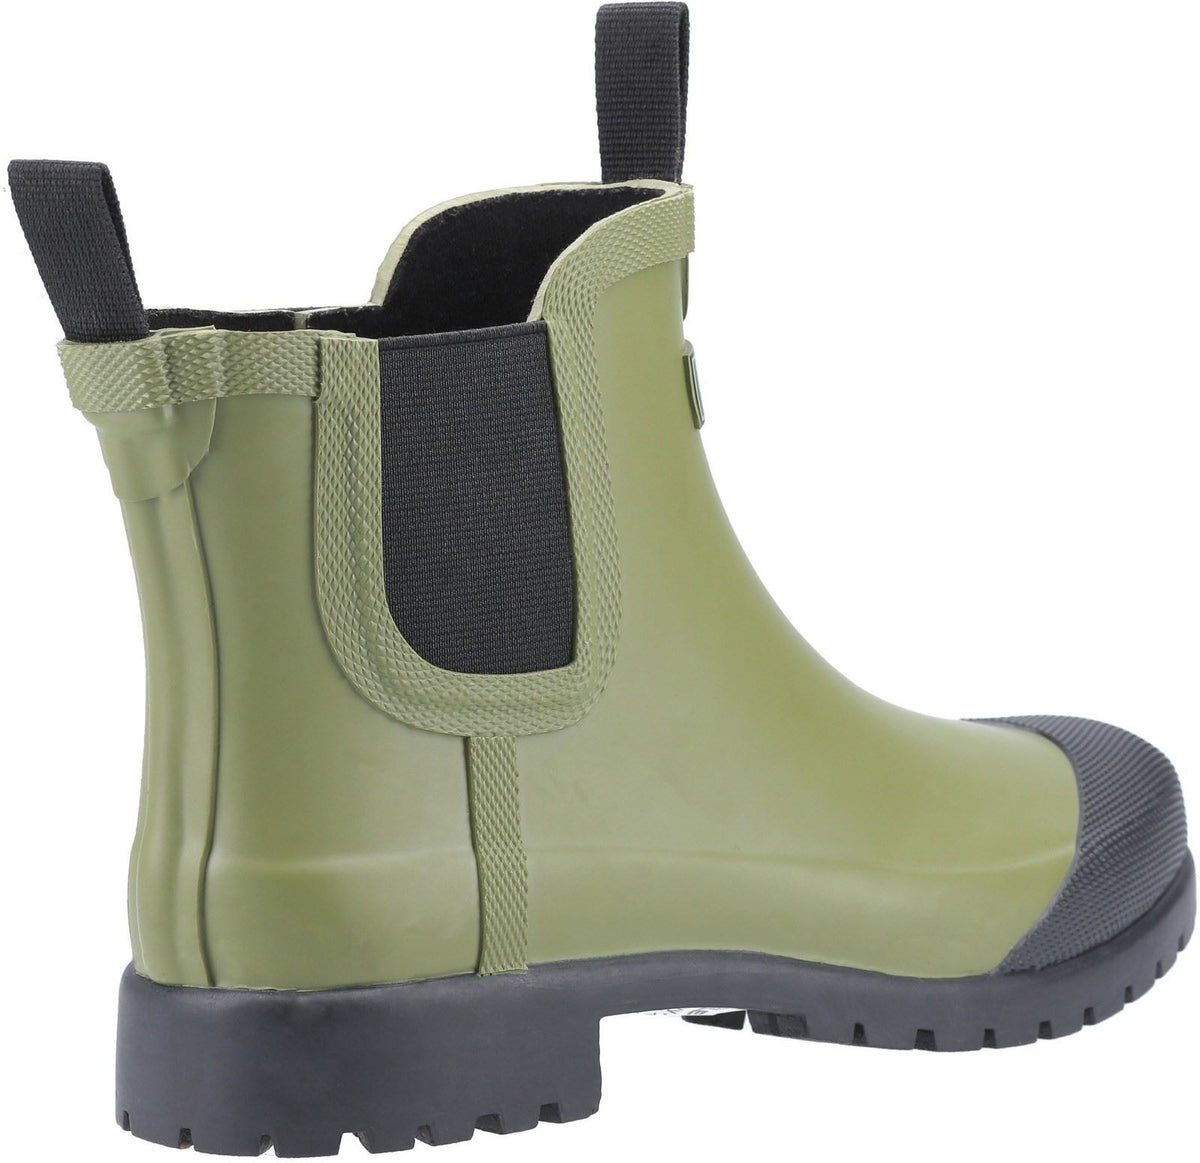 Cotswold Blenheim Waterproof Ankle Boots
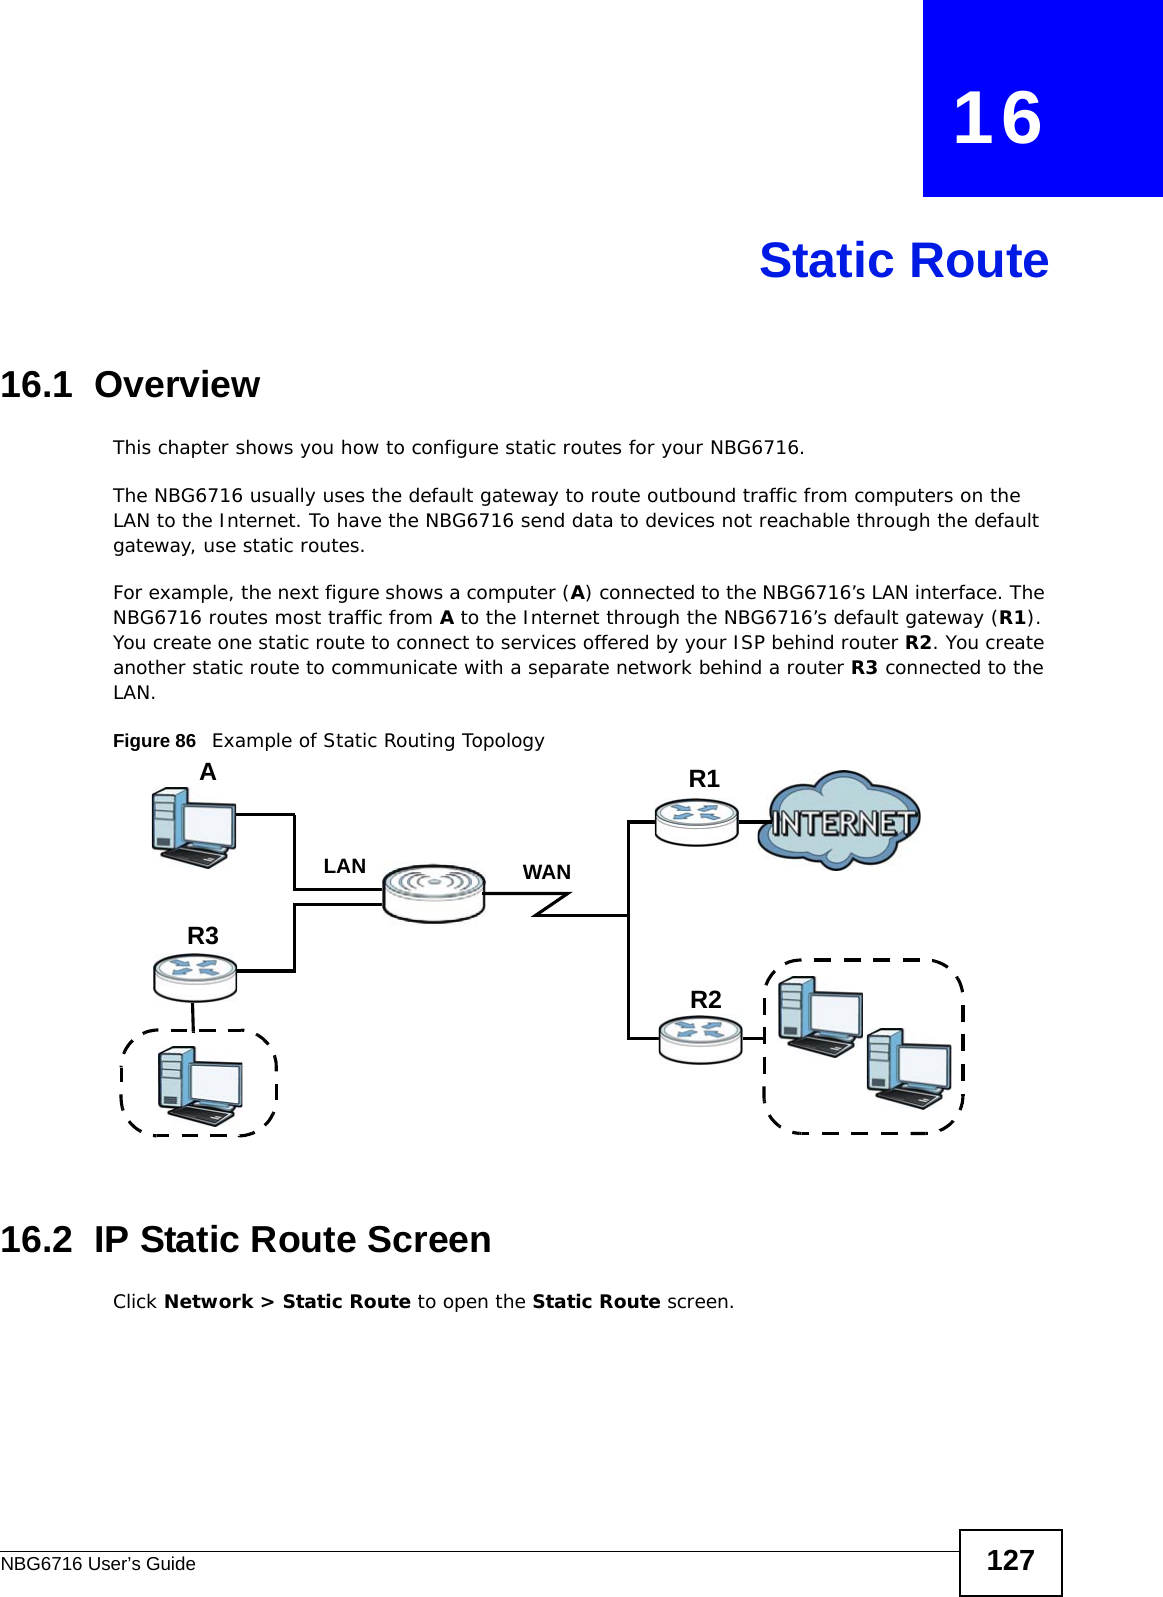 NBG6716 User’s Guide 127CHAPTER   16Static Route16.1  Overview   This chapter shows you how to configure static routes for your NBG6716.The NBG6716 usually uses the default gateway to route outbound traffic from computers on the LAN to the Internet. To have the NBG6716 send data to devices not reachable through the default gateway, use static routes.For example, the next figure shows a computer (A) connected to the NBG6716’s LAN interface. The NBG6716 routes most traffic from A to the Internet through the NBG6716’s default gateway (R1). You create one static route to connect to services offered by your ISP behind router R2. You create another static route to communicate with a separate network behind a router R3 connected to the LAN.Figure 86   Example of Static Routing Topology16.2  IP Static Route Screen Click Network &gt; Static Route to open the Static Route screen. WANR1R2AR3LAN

==

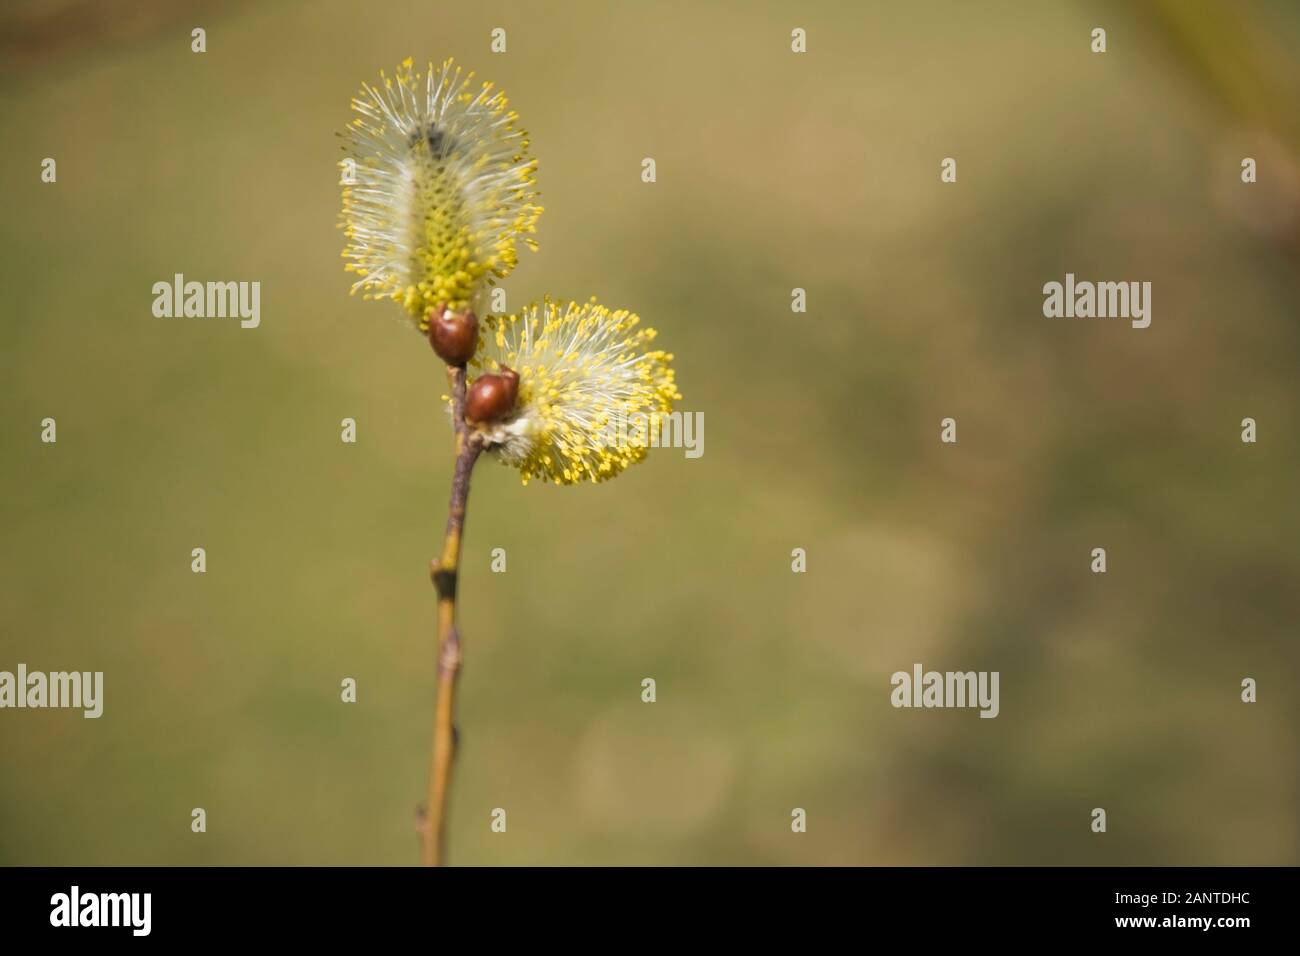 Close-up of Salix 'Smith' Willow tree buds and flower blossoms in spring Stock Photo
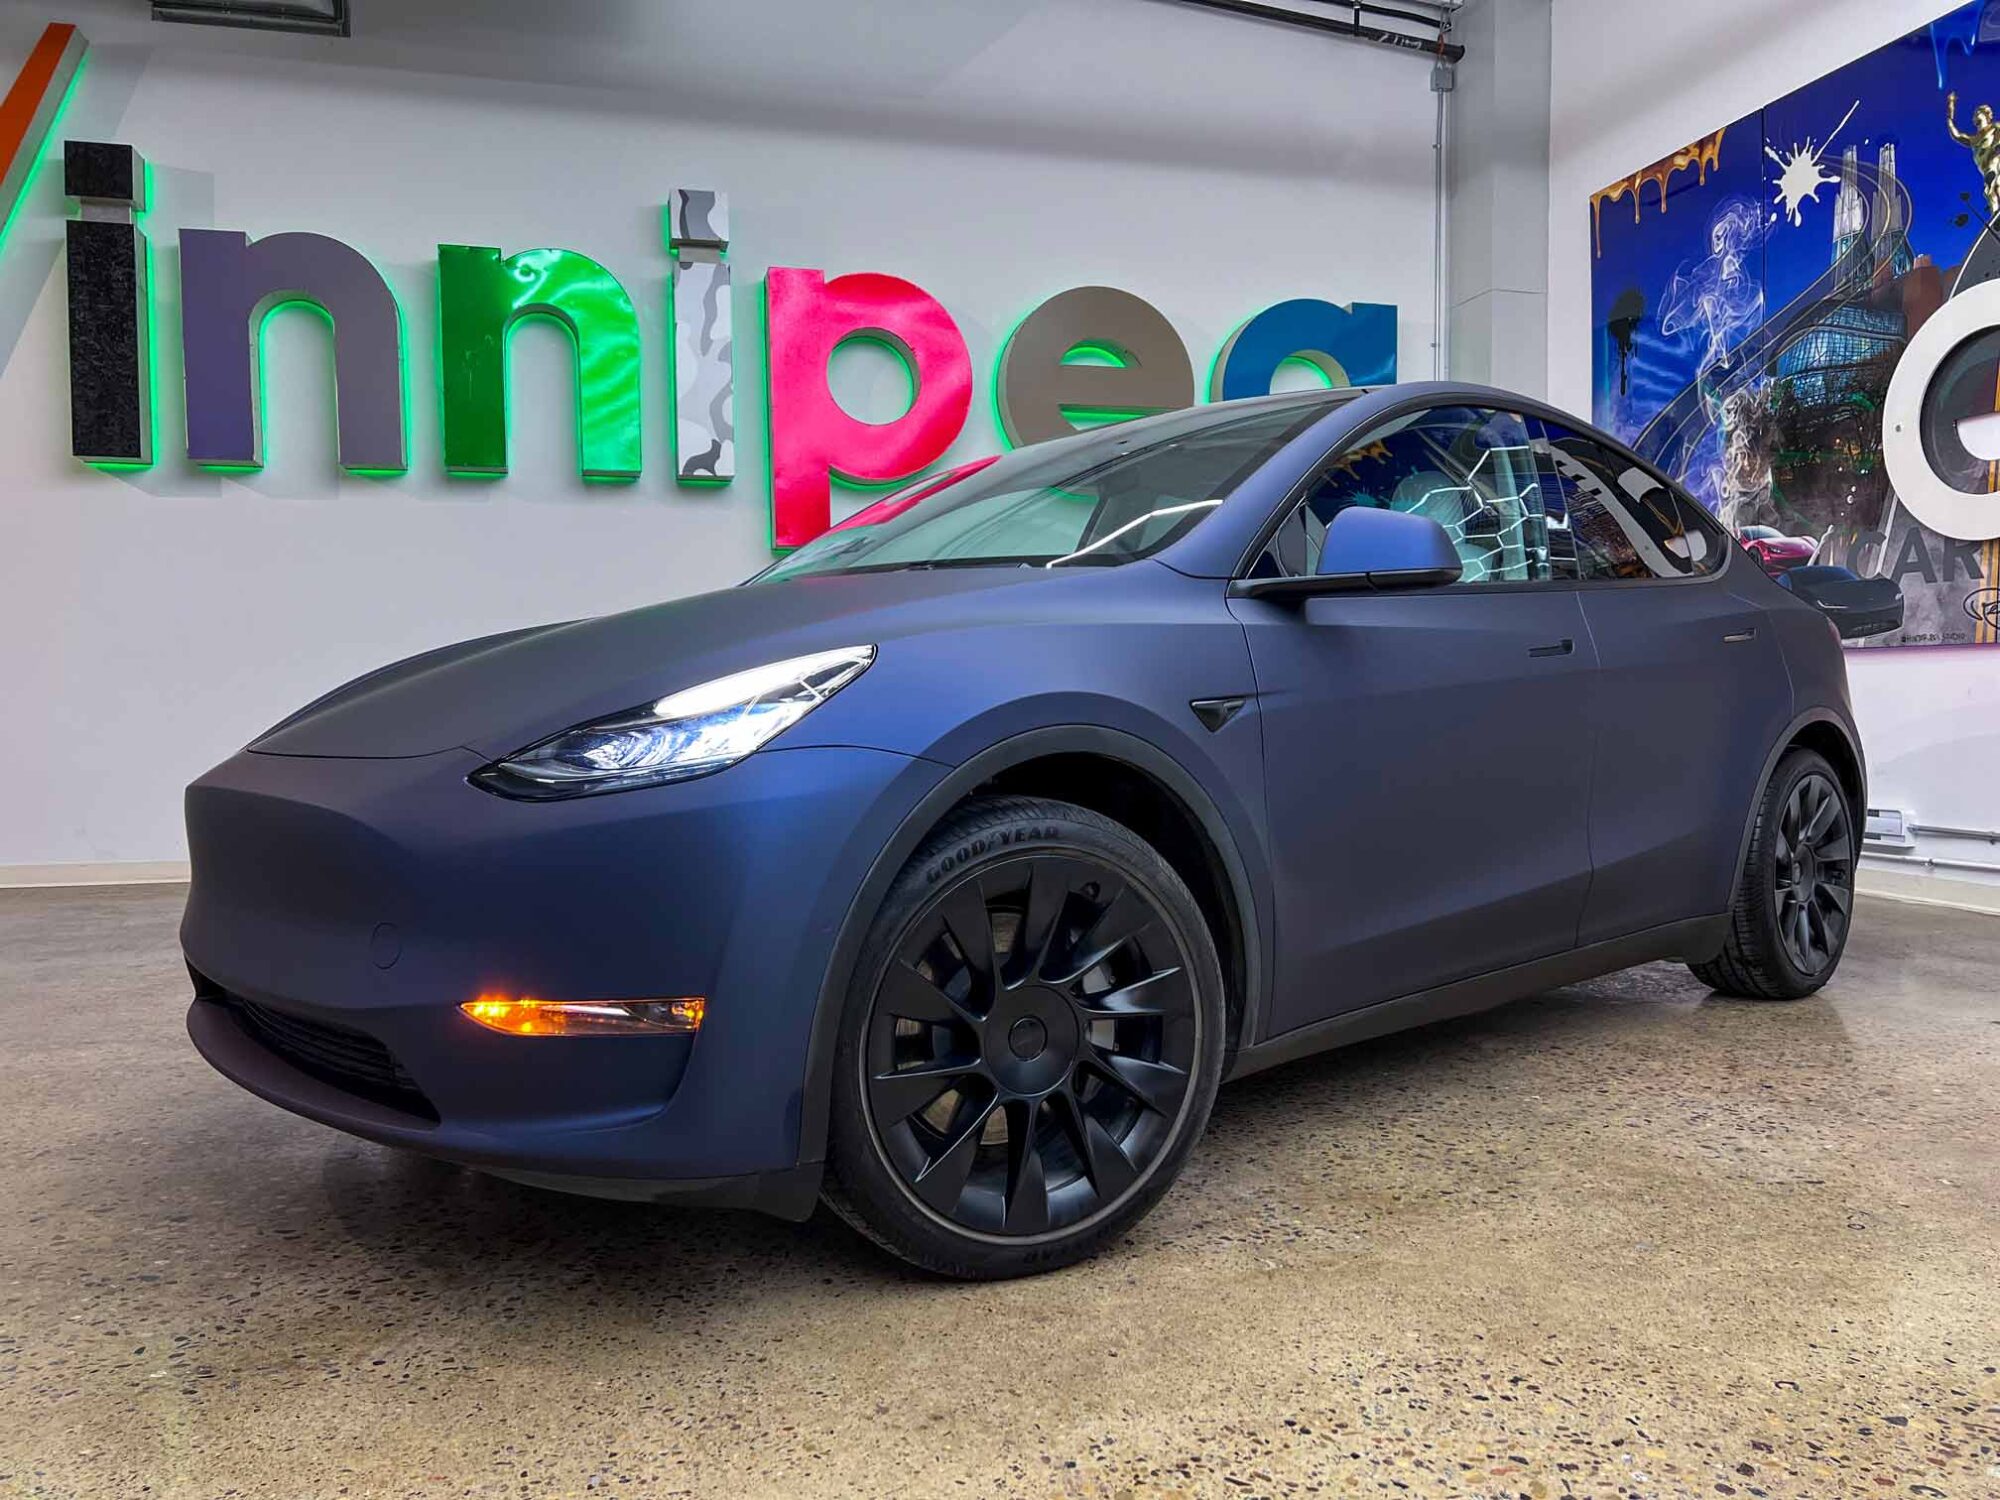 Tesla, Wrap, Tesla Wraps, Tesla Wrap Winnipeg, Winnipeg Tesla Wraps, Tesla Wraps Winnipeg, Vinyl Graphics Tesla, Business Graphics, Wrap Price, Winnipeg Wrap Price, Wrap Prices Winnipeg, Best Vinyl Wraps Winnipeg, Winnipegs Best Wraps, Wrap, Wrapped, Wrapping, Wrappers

## Work to complete
Using the entries above, transcribe exactly from the line that has "Close-up of Salix" through the line that has "Tesla, Wrap, Tesla". Pictures are dropped.

## Solution for this exercise
 Close-up of Salix 'Smith' Willow tree buds and flower blossoms in spring Stock Photo
 Tesla, Wrap, Tesla Wraps, Tesla Wrap Winnipeg, Winnipeg Tesla Wraps, Tesla Wraps Winnipeg, Vinyl Graphics Tesla, Business Graphics, Wrap Price, Winnipeg Wrap Price, Wrap Prices Winnipeg, Best Vinyl Wraps Winnipeg, Winnipegs Best Wraps, Wrap, Wrapped, Wrapping, Wrappers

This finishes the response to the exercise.